Ranter

Ranters

Ranters

17th-century English religious movement


The Ranters were one of a number of dissenting groups that emerged about the time of the Commonwealth of England (1649–1660). They were largely common people,[1] and the movement was widespread throughout England, though they were not organised and had no leader.[citation needed]

History

The chaos of the Second English Civil War, the execution of King Charles I, and the animosity between the Presbyterians and Independents during the era of the Commonwealth gave rise to many sectarian groups that attempted to make sense of their society and place within that society. The Ranters were one such group. They were regarded as heretical by the established Church and seem to have been regarded by the government as a threat to social order. The quote "...the bishops, Charles and the Lords have had their turn, overturn, so your turn shall be next...",[2] published in a Ranter pamphlet, no doubt caused some concern in the halls of power. The Ranters denied the authority of churches, of Scripture, of the current ministry and of services, instead calling on men to listen to the divine within them. In many ways they resemble the 14th century Brethren of the Free Spirit.[1] In fact, they were causing such controversy, that by the early 1650s multiple anti-Ranter pamphlets were circulating throughout Britain.[3]

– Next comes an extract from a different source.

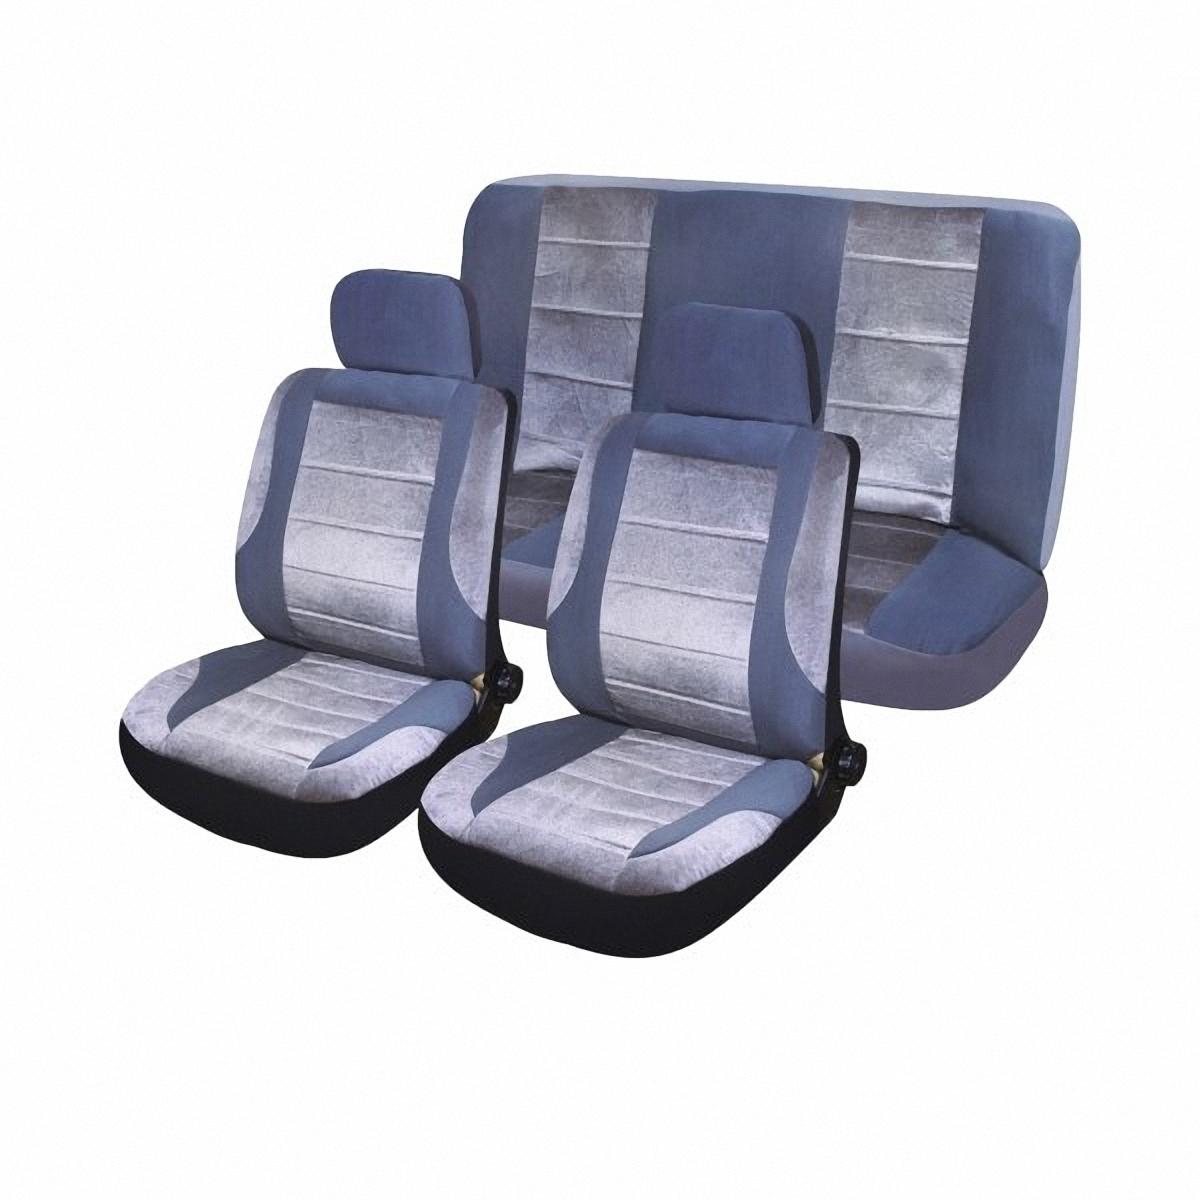 Чехлы автомобильные Skyway. SW-101091 DGY/LGY/S01301003SW-101091 DGY/LGY/S01301003Комплект классических универсальных автомобильных чехлов Skyway изготовлен из велюра. Чехлы защитят обивку сидений от вытирания и выцветания. Благодаря структуре ткани, обеспечивается улучшенная вентиляция кресел, что позволяет сделать более комфортными долгое пребывание за рулем во время дальней поездки.

The origin for the term "Ranter" seems to come from an anonymous pamphlet titled "A Justification of the Mad Crew", where the word rant was used in reference to the enemies of those espousing this particular view, equating ranting with hypocrisy. The anonymous author calls those who would eventually be deemed Ranters "the Mad Crew" instead. There is also a confluence between the term "Ranter" with the verb rent, as in to be rent away from God. Most written evidence points to the use of "Ranter" as an insult by the enemies of the sect and not a self-designated moniker.[3] By the 1660s, the term became attached to any group that promoted theological deviance but since most of the literary evidence we have was created by those opposed to Ranters in general, it is difficult to determine their exact creed.[4]

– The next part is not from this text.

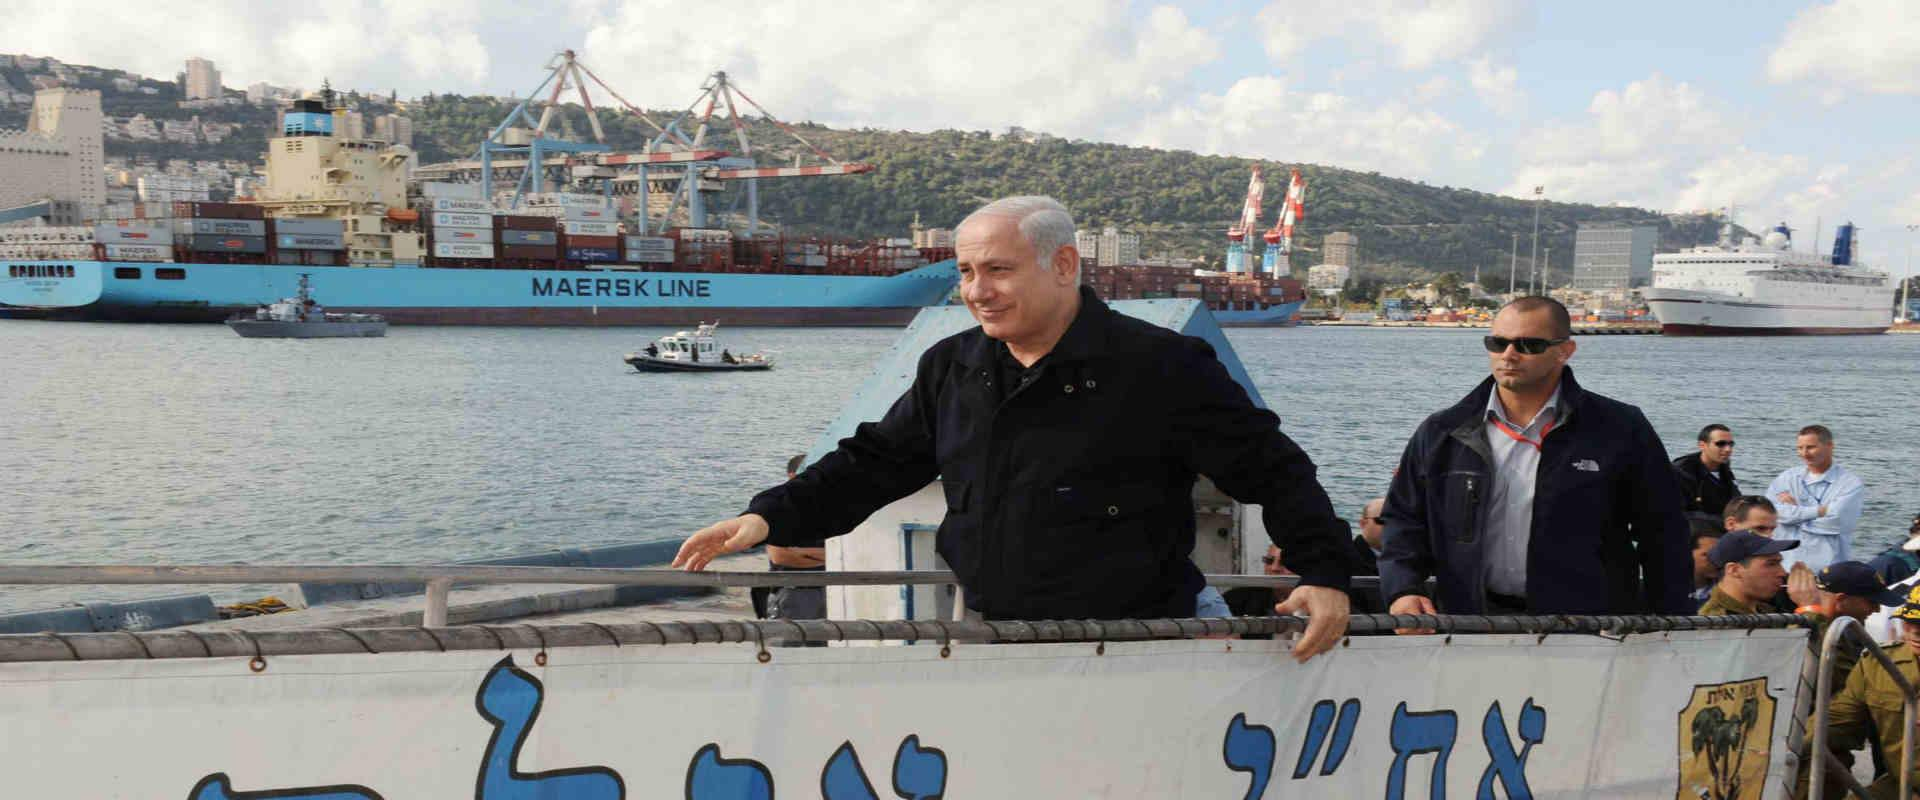 ראש הממשלה בנימין נתניהו בביקור בבסיס חיל הים, 200

There are few primary sources actually written by Ranters, but those that do exist give us a clearer picture of what they believed. The most famous English member, Laurence Clarkson or Claxton, joined the Ranters after encountering them in 1649.[5] Although he does not mention them directly, his 1650 tract called A Single Eye is widely believed to have been inspired by this dissenting group and directly reflects their views. Other less well known members of the Ranter cohort included Abiezer Coppe and Joseph Salmon.

Their central idea was pantheistic, that God is essentially in every creature, including themselves.

"If God be in all things, then in all creatures that hath live whatsoever, so that wherein is man better than these, or hath any pre-eminence above these?"[6]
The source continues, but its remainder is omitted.